→ **Your goal**
No pictures belong in the result; set down exactly the lines from the one containing "Dry dry дезодорант" through the final line of the listing, and nothing more.

→ **Data**
┏━━
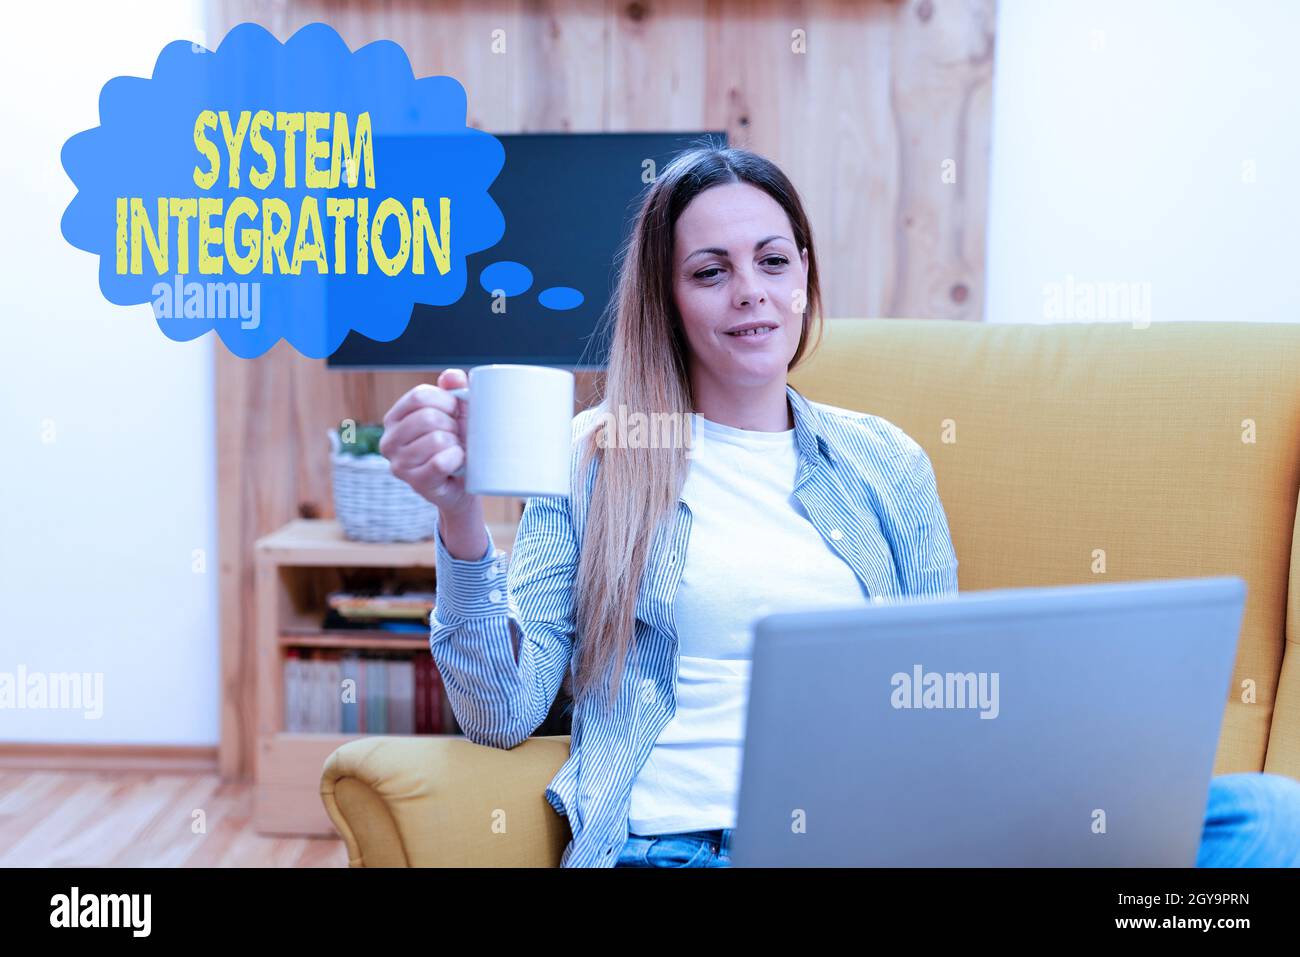 Inspiration showing sign Systemintegration, Business Idea Prozess der Zusammenführung der Komponente Subsystem Zusammenfassung Geben Business Advice Online Stockfoto
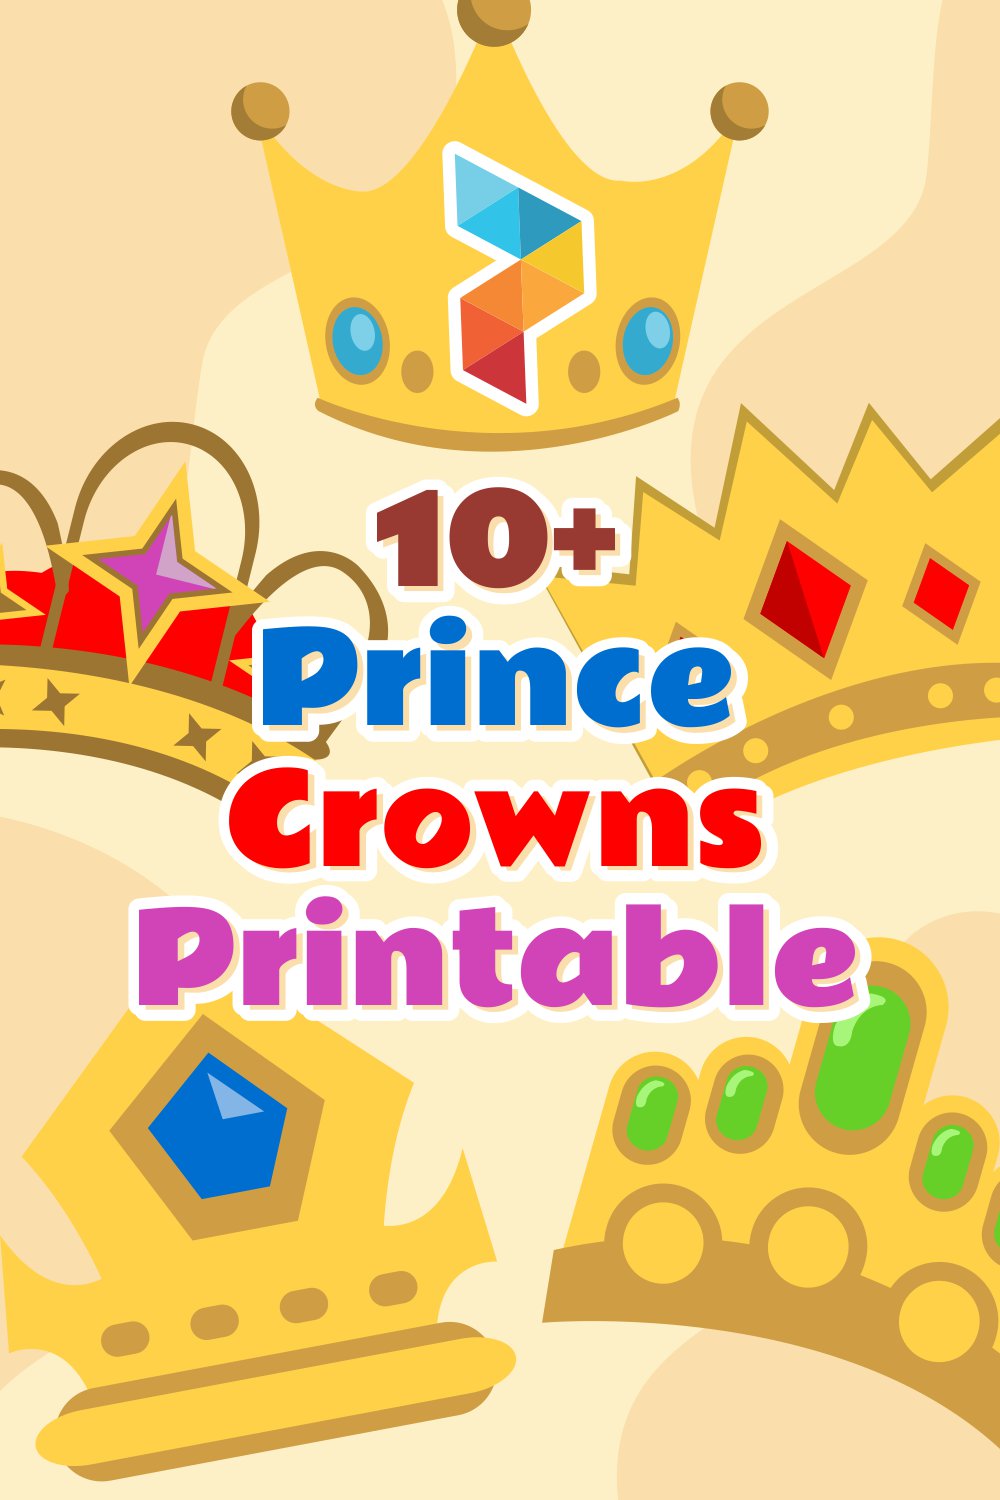 Prince Crowns
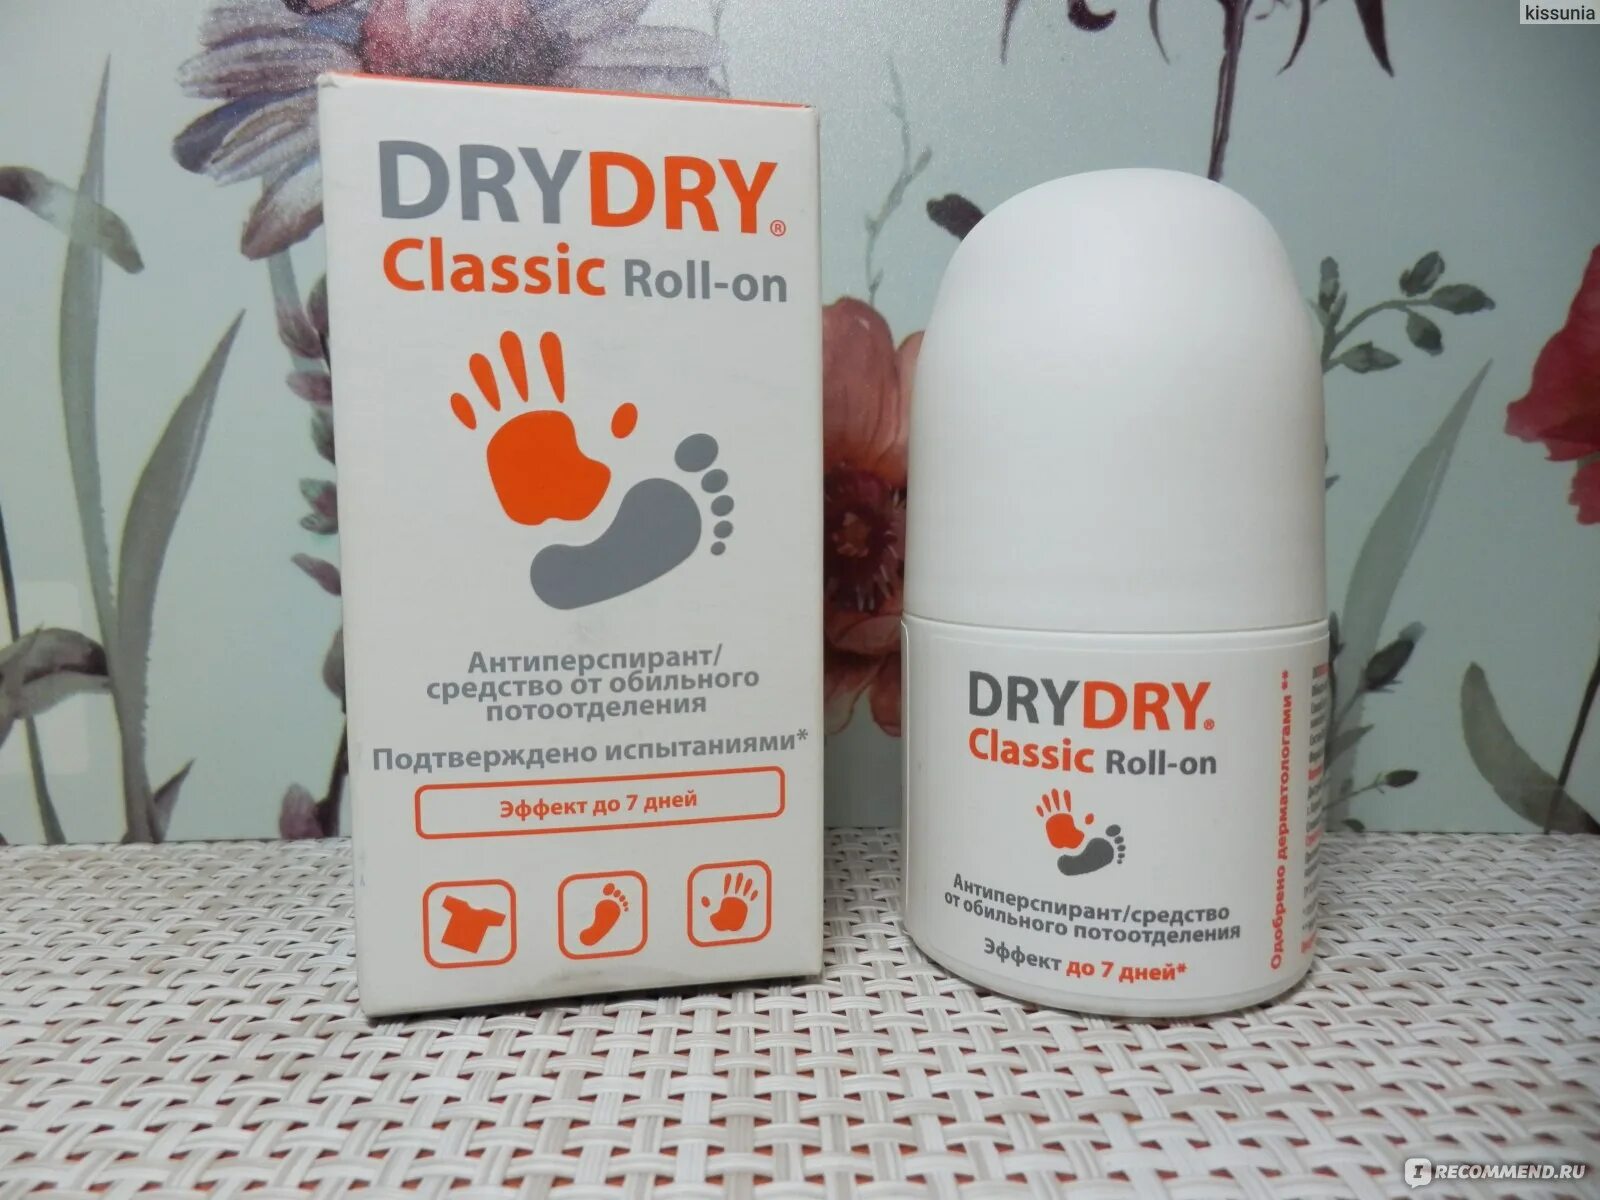 Dry dry дезодорант отзывы. Драй драй "Classic Roll-on" 35мл. Dry Dry антиперспирант. Дезодорант антиперспирант драй драй. Дезодорант Dry Dry Classic.
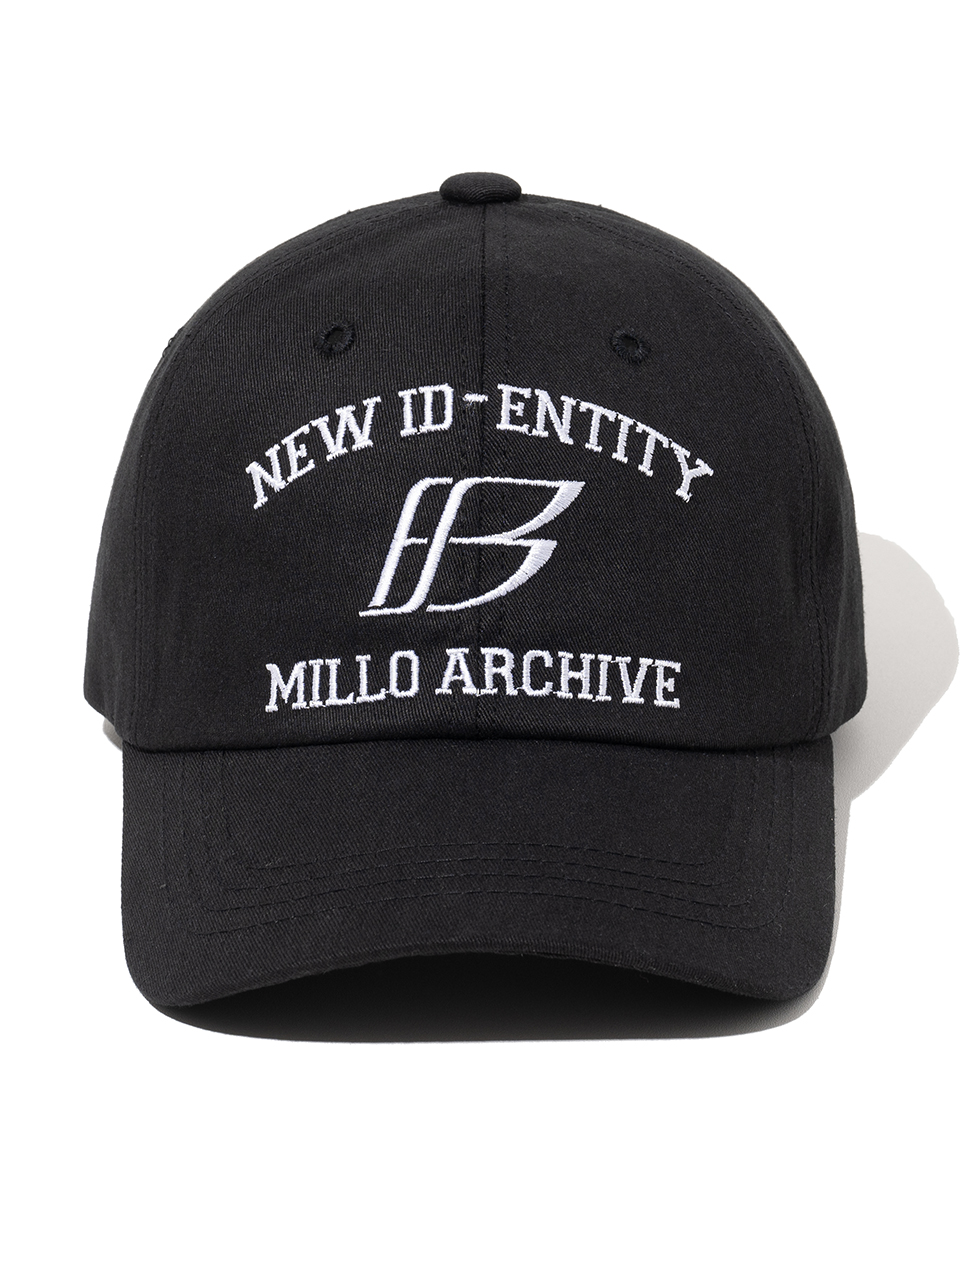 New Id-entity Ball Cap - Black
┗━━
→ **Completed exercise**
 Dry dry дезодорант отзывы. Драй драй "Classic Roll-on" 35мл. Dry Dry антиперспирант. Дезодорант антиперспирант драй драй. Дезодорант Dry Dry Classic.
 New Id-entity Ball Cap - Black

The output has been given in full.